Closed BebDong closed 4 years ago
You may misunderstand what I was trying to say. By saying with 11.8M parameters, I mean the number of parameters instead of the memory consumption on the disk.
Sorry...
The ResNet-18 has about 10.6M, “ we can see there are at least three extra 1x1 Convs and three 3x3 Convs, and even an SPP module.” Their channels is small.
The biggest problem is that I don't know how to train. I can only get 71.1% mIoU in 1024 * 2048.
@BebDong code for counting the models parameters is provided here. Feel free to double check the reported number of parameters. Pseudo code for measuring model inference speed is provided in the conference paper(Fig. 5)
@dxjundersky training code will be released before Dec 18th.

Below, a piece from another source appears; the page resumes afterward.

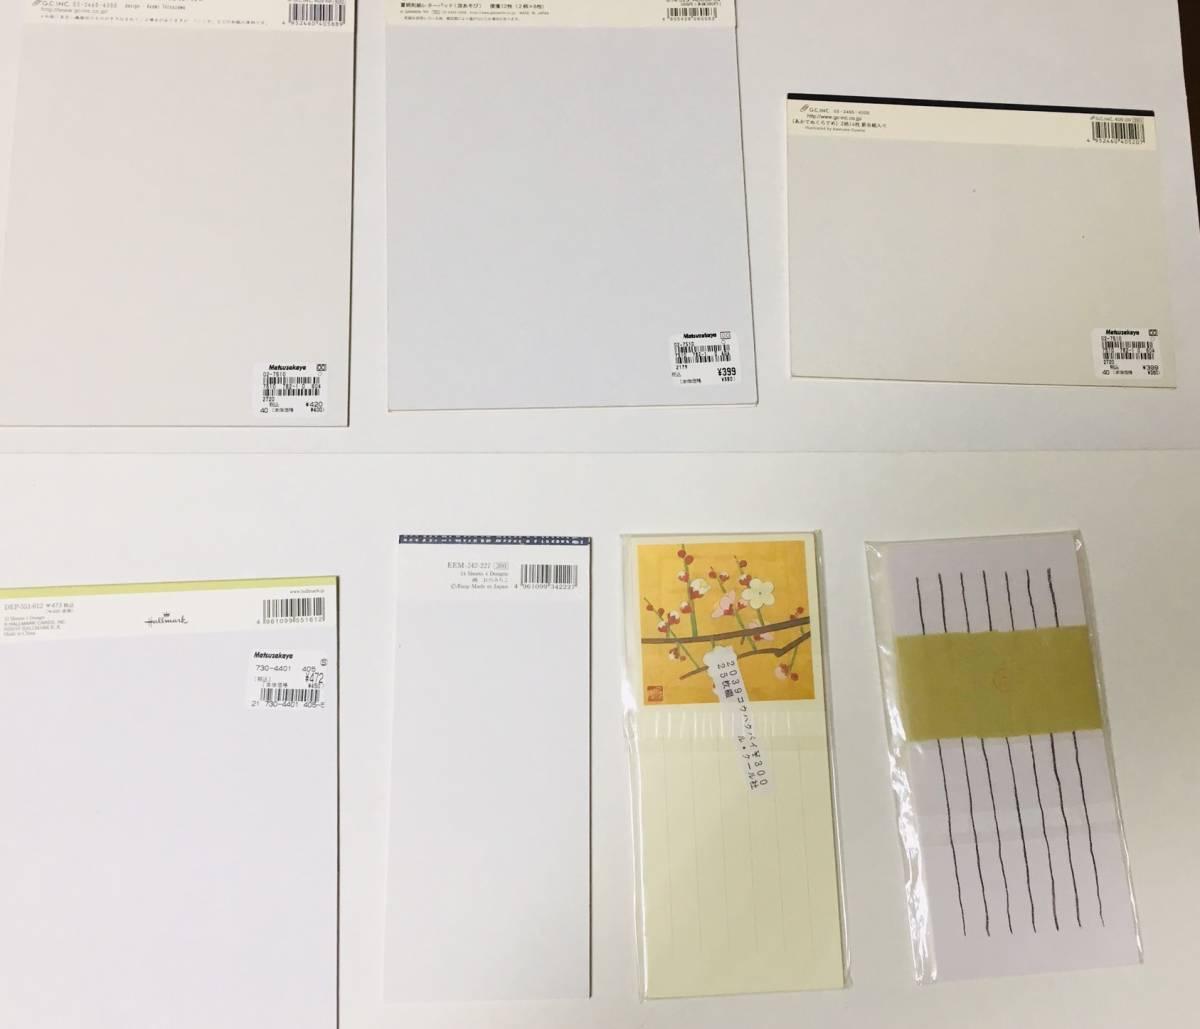 便箋 一筆箋 封筒 まとめて7種 ★ 使いかけと新品、混ざってます_画像2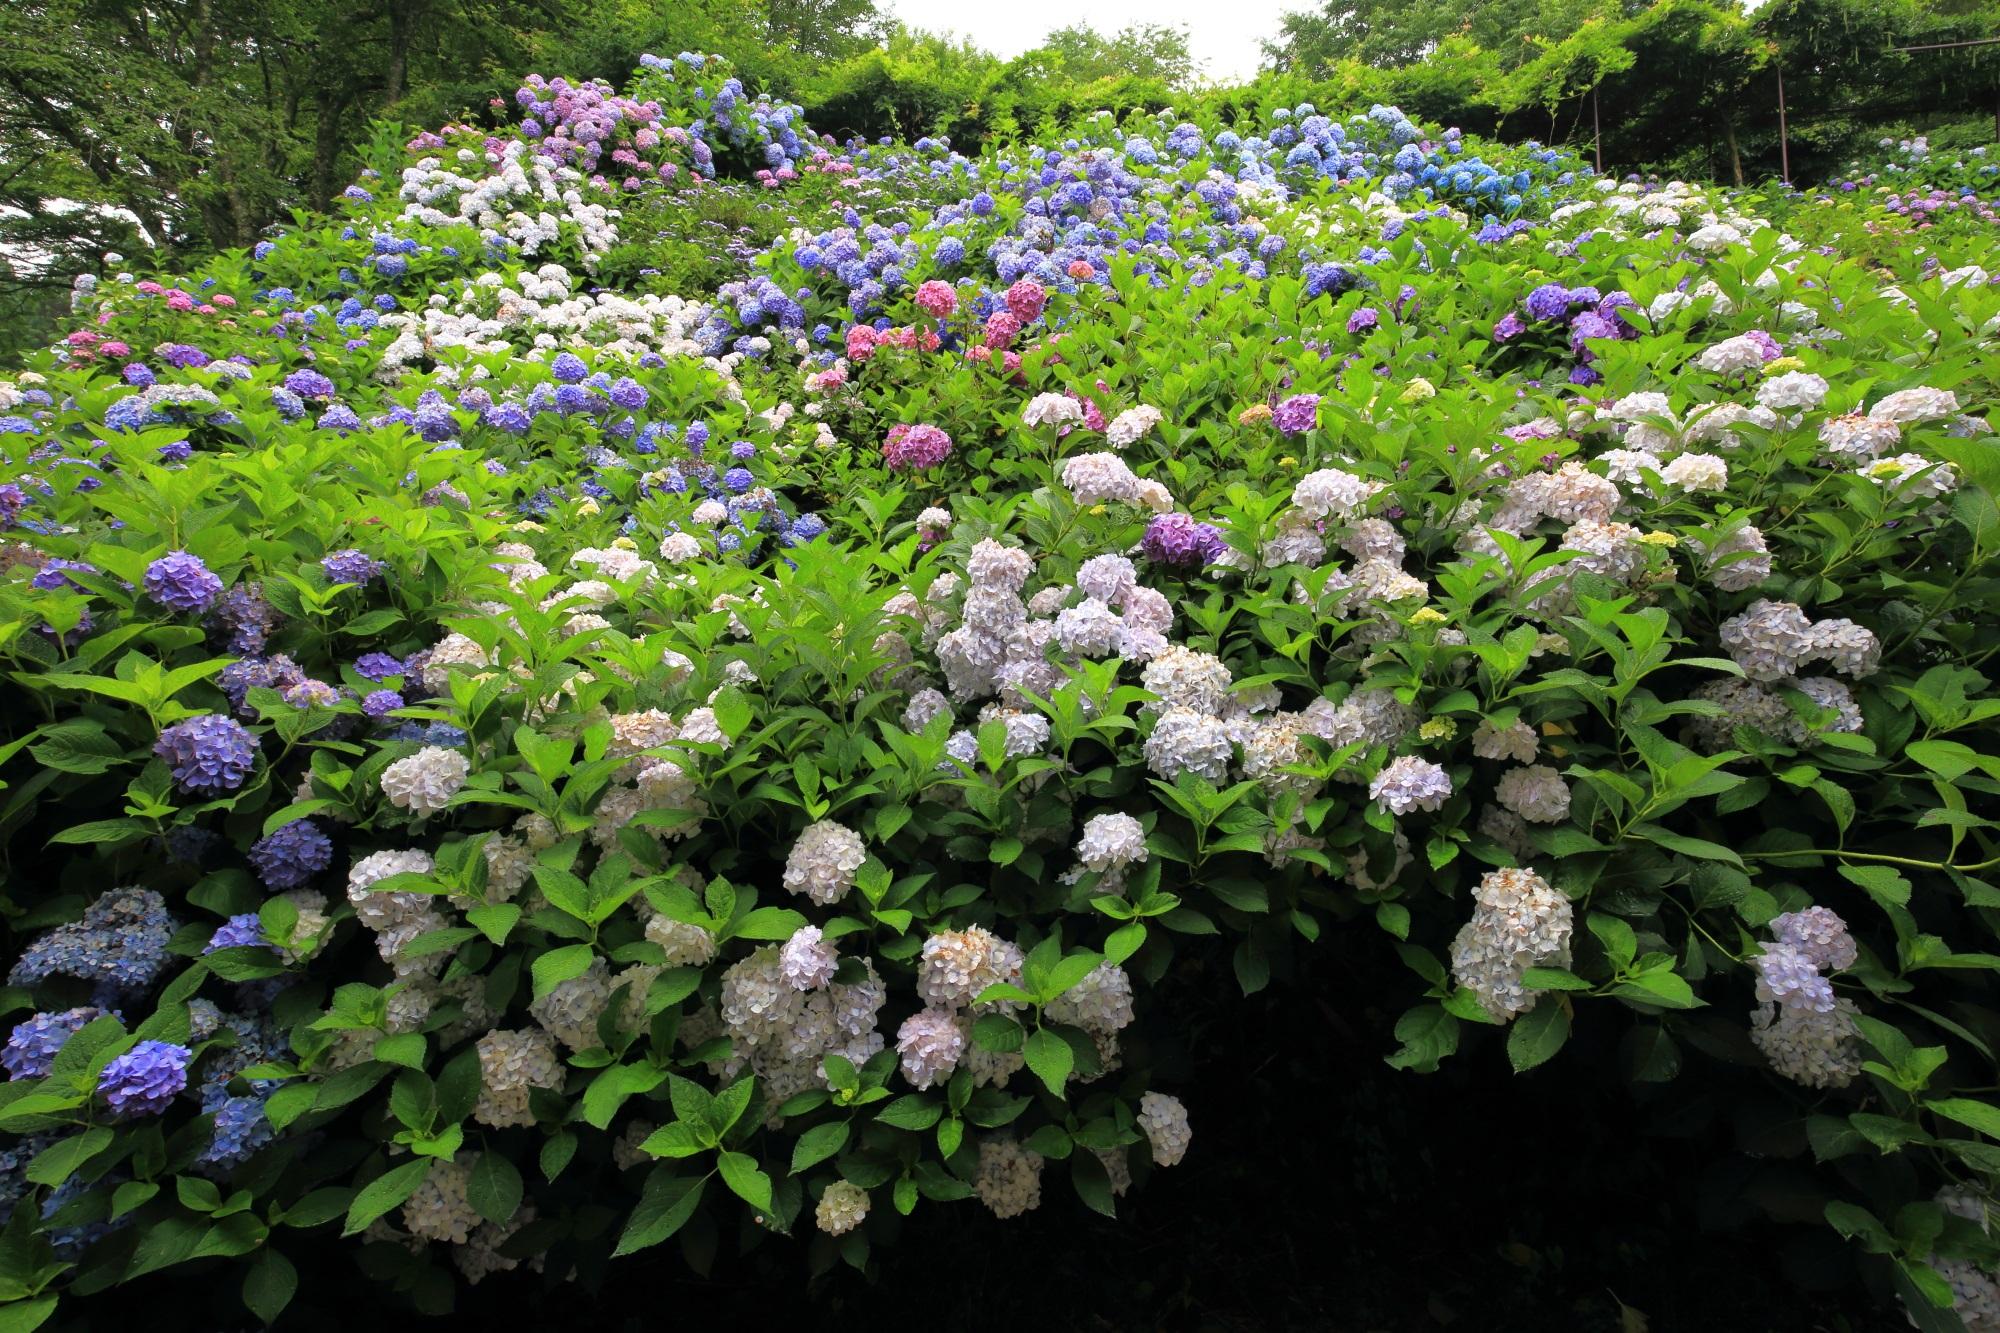 福知山の紫陽花の名所の丹州観音寺

@orsic Thank you very much!
I am wondering how you obtain a SwiftNetRN-18 model with only 11.8M parameters? Even the most original ResNet-18 based FCN32s for Cityscapes dataset contains near 11.8M parameters. From the paper In Defense of Pre-trained ImageNet Architectures for Real-time Semantic Segmentation of Road-driving Images, we can see there are at least three extra 1x1 Convs and three 3x3 Convs, and even an SPP module.
Besides, with the U-shape structure, it's unlikely to gain speed of over 39 FPS with 2048x1024 input on a single GTX 1080Ti.
Would you please offer the skills too, except for only the codes to reproduce the mIoU, to get the speed and model compression performance?